3
votes

I compare the forward FFT using FFTW and MATLAB fft. The input signal is a Gaussian. Code:

FFTW using C:

float *signal; /*input signal*/
int nt; /*length of the signal*/
fftw_complex *in, *out;
fftw_plan plan1;

in = fftw_malloc(nt*sizeof(fftw_complex)); 
out = fftw_malloc(nt*sizeof(fftw_complex));
for (j=0;j<nt;j++){
        in[j][0]=(double)signal[j];
        in[j][1]=0.0;
}    
plan1 = fftw_plan_dft_1d(nt, in, out, -1, FFTW_ESTIMATE);
fftw_execute(plan1);        
fftw_destroy_plan(plan1);

for (j=0;j<nt;j++){
        real[j]=(float)out[j][0];
        imag[j]=(float)out[j][1];
}

fft function in MATLAB:

fft(signal);

I plot the real and imaginary parts of both results:

fft vs fftw

The real part are almost the same value, while the imaginary part has quite different values. How to fix this problem?

2
The differences in Imag are in the range of 10 to the power of -15. So not really that different. - Kami Kaze
Another fact is, because my signal is real numbers, but in FFTW I create a complex DFT, which means the signal is complex with zero imaginary values. For real signal, out[i] is the conjugate of out[n-i] as matlab fft result shows. But imag of FFTW does not behave this. - clduan
A good test would be applying the inverse transform in both cases and comparing the results, this will show you if the differences in the imaginary part are relevant (I also think they aren't). - schnaader
"which means the signal is complex with zero imaginary values" The DFT has zero imaginary values because the input is symmetric, not because the input is real-valued. Also, knowing the imaginary values are supposed to be zero, you should have noticed that they are very close to zero. You are just looking at floating-point rounding errors here. Rounding errors do not need to be symmetric. - Cris Luengo
You could solve the "not exact conjugate" part by zeroing all the imaginary values smaller than an epsilon (e.g. 10^-14) as you know it's floating point noise anyway. - schnaader

2 Answers

2
votes

You should look at the scale factor of the plot on the left side over the plot of 'Imag'. It says 10^-15. This is quite small in relation to the real signal magnitude (at least the larger parts which is >10^1) so the results are quite similiar.

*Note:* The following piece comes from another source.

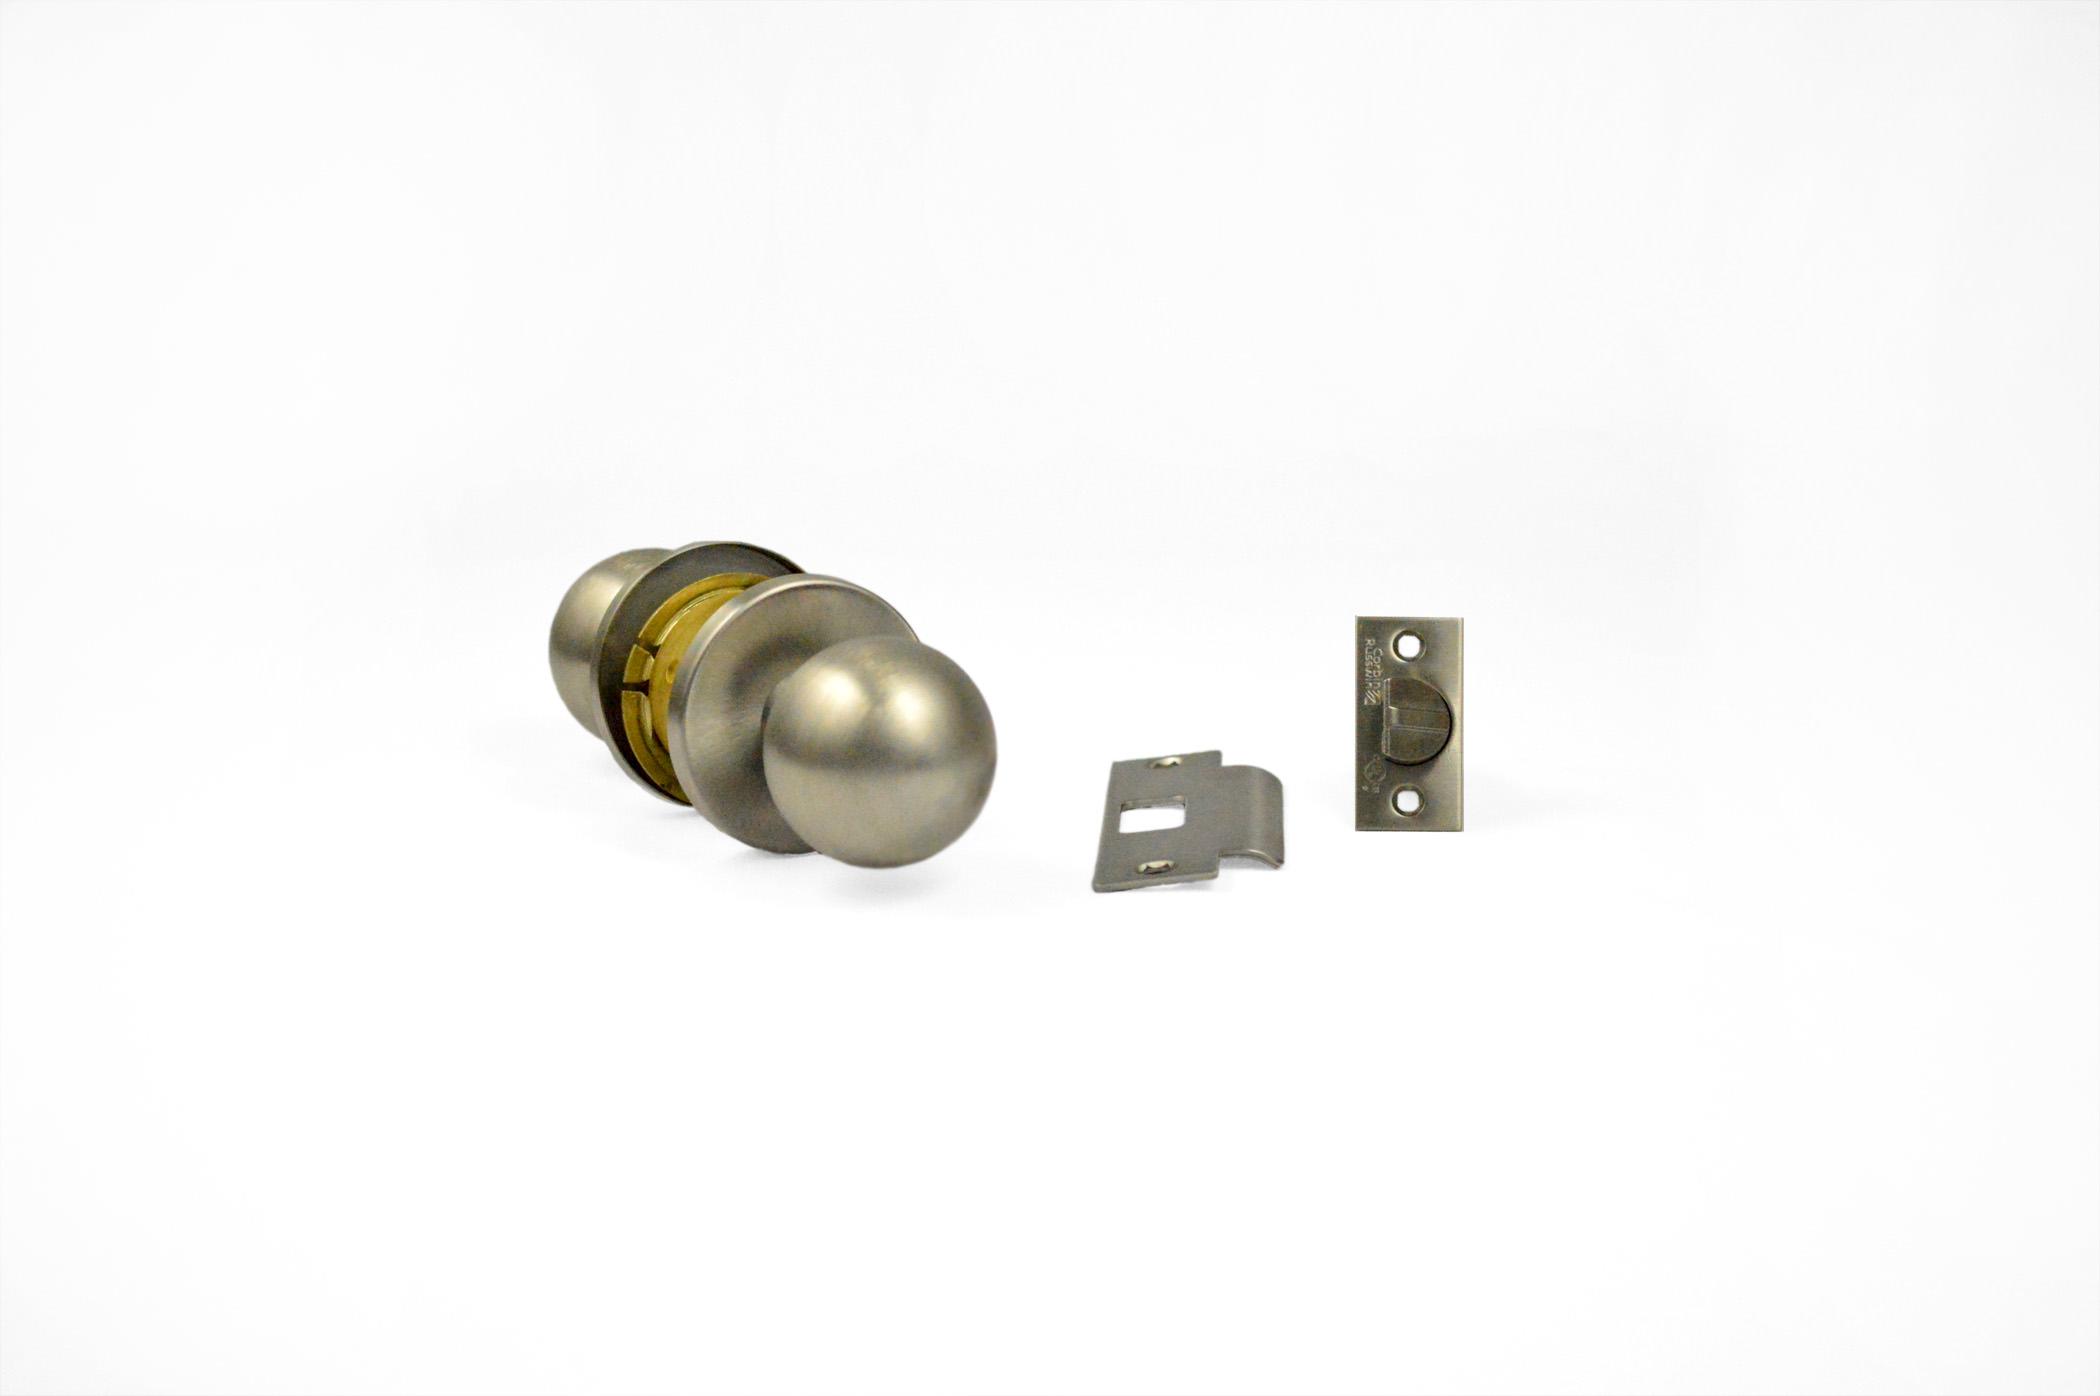 Corbin Lockset The Hardware Pro

Floating point algorithms in general tend to not deliver the exact same result as long as they are not implemented exactly in the same way. (And even then they can differ by different options for rounding).

This QA might give some insight: Floating point inaccuracy examples

0
votes

Rounded to the nearest 0.001% of full scale (real), notice that the imaginary values are all zero.